Барон встал, давая понять, что аудиенция окончена. Герцог направился к выходу. Барон последовал за ним.

Они вышли из залы приёмов, и в этот момент осторожно открылась дверь помещения напротив. Из-за двери появился воровато озирающийся нервный худой подросток с толстым фолиантом под мышкой.

— Я разве не запретил выносить книги из библиотеки? — Вопрос прозвучал спокойно, даже равнодушно — он и вопросом-то не был, — но подросток побледнел так, что вполне мог сойти за фамильное привидение.

— Отец… я… я…

— Молчи.

Короткое слово ничего не выражало, ни раздражения, ни намёка на недовольство, но юный баронет умолк на полувдохе.

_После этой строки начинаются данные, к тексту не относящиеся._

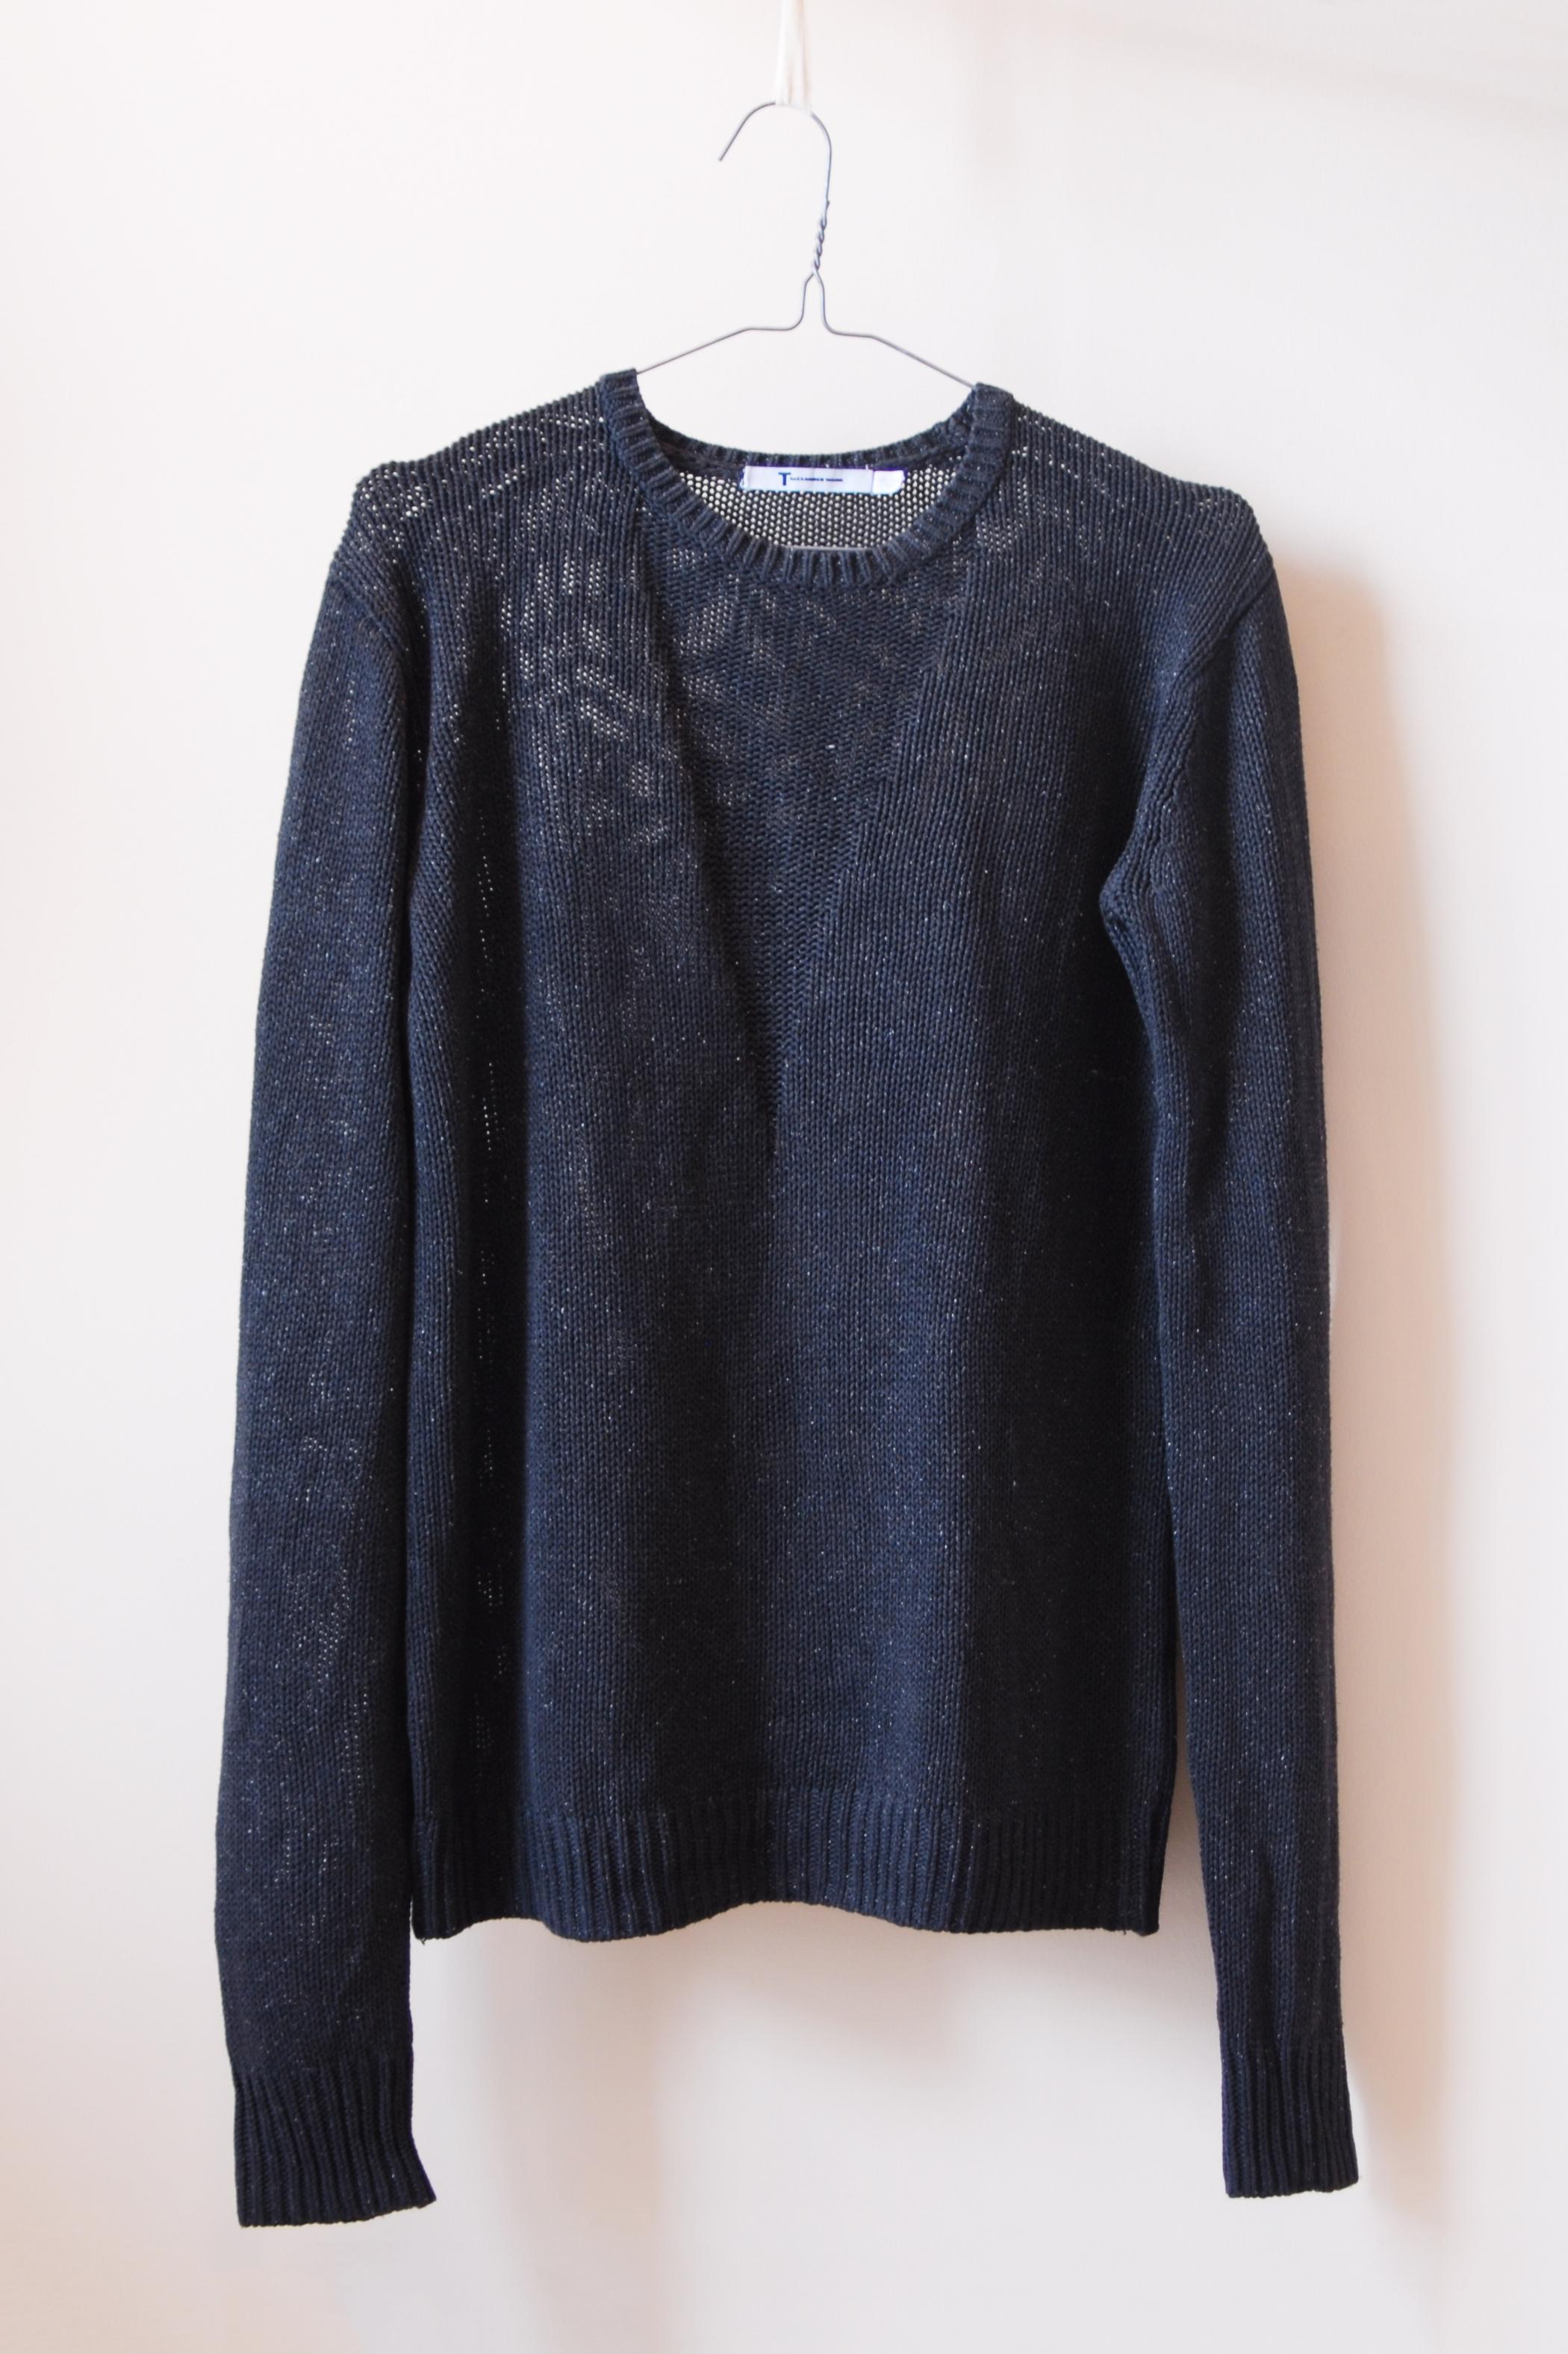 Alex Wang Sweater.jpg

— Господин мой… — откуда-то сверху донёсся чарующе низкий грудной голос, и герцог, барон и баронет одновременно повернули головы в направлении его источника. Посреди широкой каменной лестницы стояло дивное юное создание с диадемой баронессы на прелестной головке. Создание было слишком дивным, чтобы быть сестрой баронета, и достаточно юным, чтобы не быть его матерью. Создание с неспешной грацией спустилось по лестнице и, поравнявшись с бароном, мягко коснулось его предплечья затянутой в шёлковую перчатку ручкой. Глаза баронета недобро сузились, на резко очерченных фамильных скулах вспыхнул нездоровый румянец, узкий упрямый подбородок вздёрнулся — настоящий змеёныш, то есть вылитый отец. Был бы, если бы не насупленные брови и намертво впечатанные в очертания рта подростковая, плохо подавляемая злость и вечная неизбывная обида на весь мир, причину которых герцог без труда вычислил, перехватив взгляд барона, которым тот наградил дивное создание. Неудивительно. Третий лишний. Достаточно взрослый, чтобы обойтись без родительской ласки, и слишком юный, чтобы перестать в ней нуждаться. Впрочем, этот неприступно-насупленный вид, странным образом, только добавлял мальчишке очарования.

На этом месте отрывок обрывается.